En effet, le nombre de condamnations affiche une hausse de près de 50 % entre 2020 et 2021. Plus précisément, une procédure pénale de rodéos motorisés sur quatre a donné lieu au prononcé d'une peine d'emprisonnement ferme, avec une durée moyenne de 5 mois d'emprisonnement. La loi n° 2022-52 du 24 janvier 2022 est récemment venue renforcer l'arsenal répressif en facilitant les procédures lorsque les véhicules ont été loués pour commettre ces faits (L.321-1-1 du code de la route).

Désormais, l'article L.325-7 du code de la route permet sous un délai réduit de sept jours, de constater l'abandon d'un véhicule ayant servi à commettre l'infraction et le livrer à la destruction. Les véhicules pour lesquels les obligations relatives à l'immatriculation ou à l'identification n'ont pas été satisfaites au moment de leur mise en fourrière sont, en l'absence de réclamation, considérés en outre comme abandonnés dès leur entrée en fourrière et livrés à la destruction.

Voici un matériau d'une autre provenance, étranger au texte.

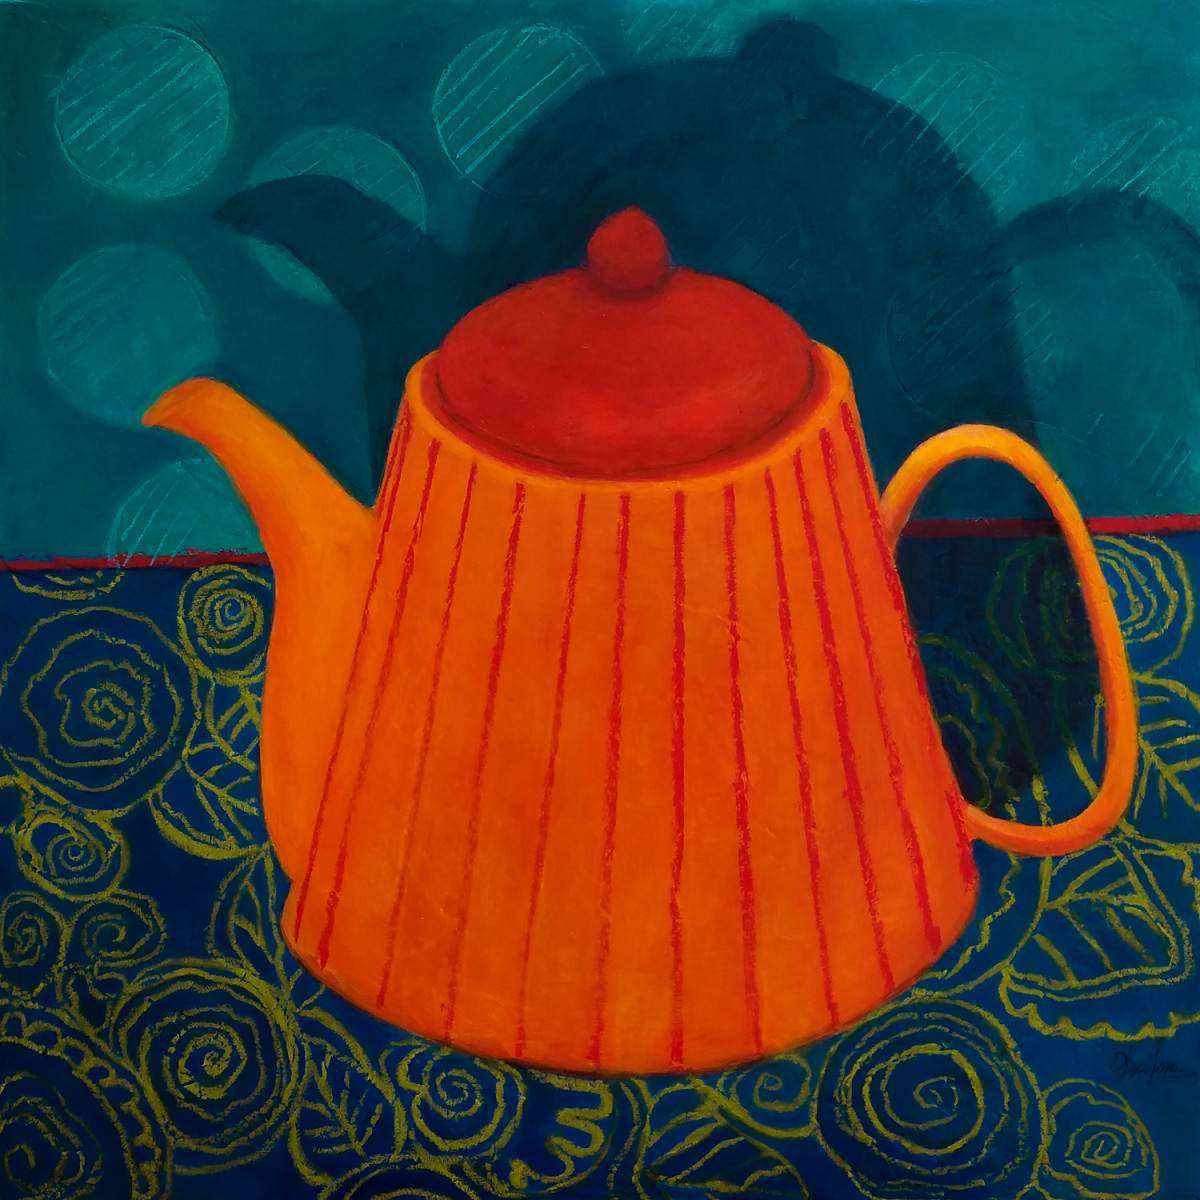 Where There Is Tea There Is A Lot of Hope by Olga Lora 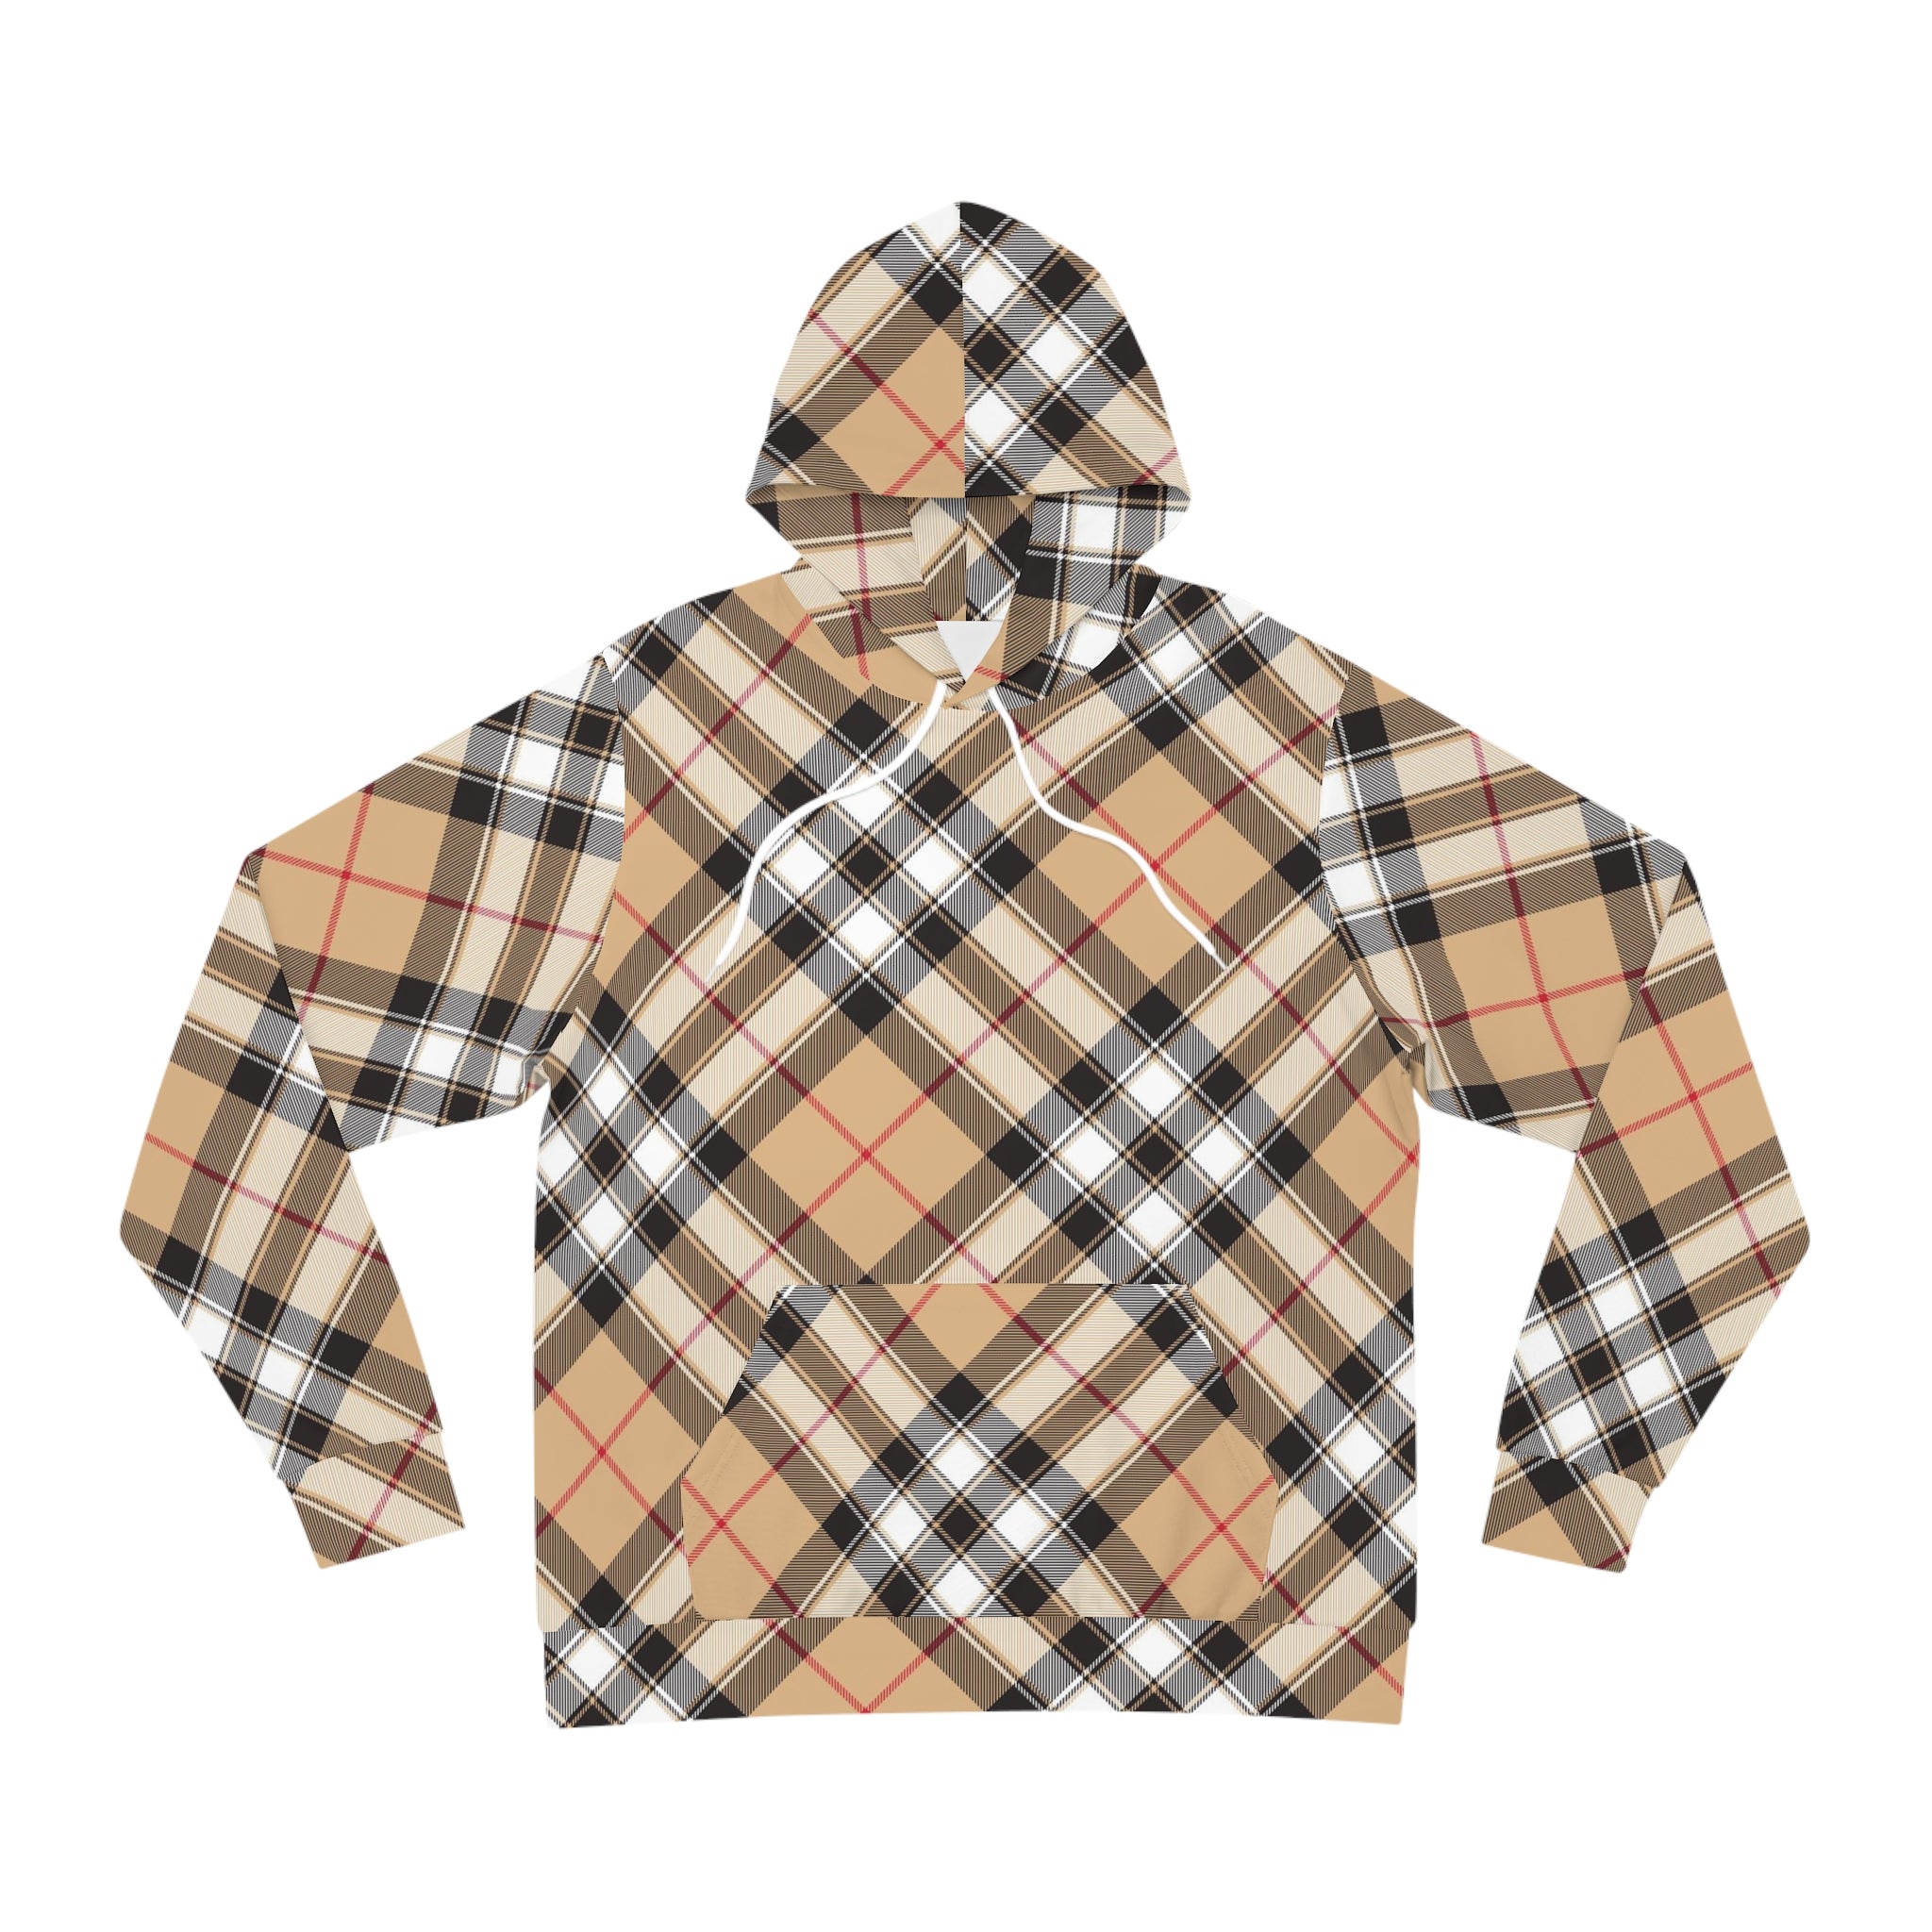  Groove Collection in Plaid (Red Line) Large Print Pullover Fashion Hoodie All Over PrintsSSeamthreadcolorautomaticallymatchedtodesign

Le ministère de la Justice est enfin actuellement pleinement mobilisé pour envisager le renforcement de cet arsenal, dans le cadre des discussions parlementaires menées au titre du projet de loi d'orientation et de programmation du ministère de l'Intérieur 2022-2027. A cet égard, ce projet de loi prévoit d'une part la création d'une nouvelle circonstance aggravante en cas de rodéo exposant autrui à un risque de mort ou d'infirmité permanente et d'autre part une nouvelle peine complémentaire de confiscation de véhicules appartenant au condamné et ce même s'ils n'ont pas été utilisés pour commettre l'infraction.